CIFE - the Centre international de formation européenne is a not-for-profit European institution of higher education and research established in 1954. CIFE encompasses educational and research activities promoting European integration and governance, multilingualism and student mobility. CIFE educates European and international students as future Policy Officers in European institutions and international organisations (Chargé de mission en organisations européennes et internationales), a professional title which is recognised by the French state.

CIFE's activities include Master programmes, summer university programmes, executive training, conferences, seminars and publications.

CIFE has its head office in Nice (France) and branch offices in Berlin (Germany), Brussels (Belgium) and Istanbul (Turkey).

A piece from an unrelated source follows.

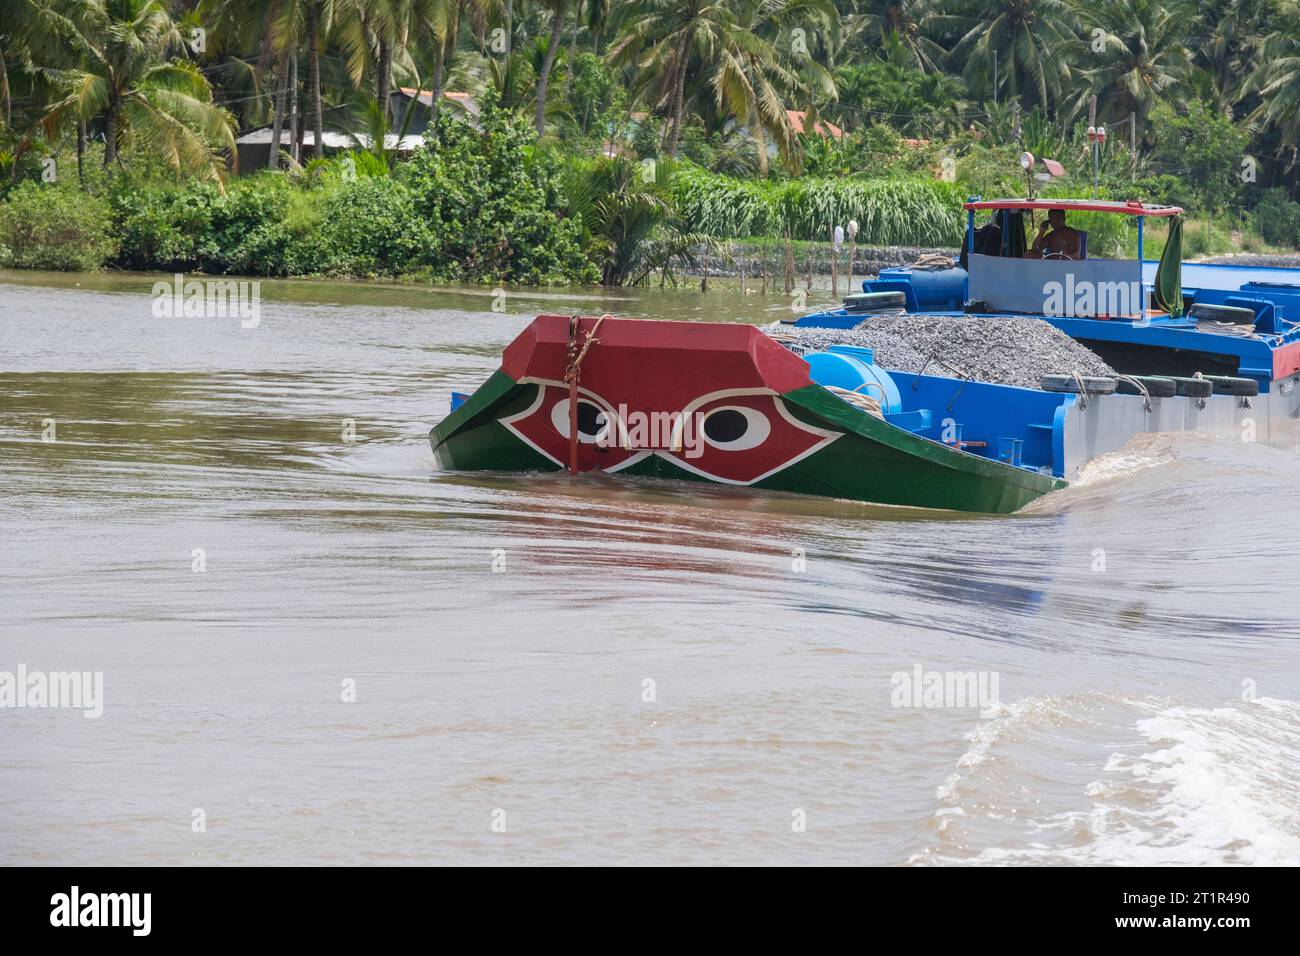 River Traffic on Saigon  River, Vietnam. Black Eyes in White Circle on Prow of Boat are Traditional Protection against Evil River Spirits. Stock Photo

The teaching and working languages are English, French and German. The institute is one of the six institutions to receive an operating grant from the European Commission under the Jean Monnet Programme of the Erasmus+ programme. Jean Monnet Activities are designed to promote excellence in teaching and research of the European Union studies worldwide. The activities aim at fostering the dialogue between the academic world and policy makers, particularly with the aim of enhancing governance of EU policies.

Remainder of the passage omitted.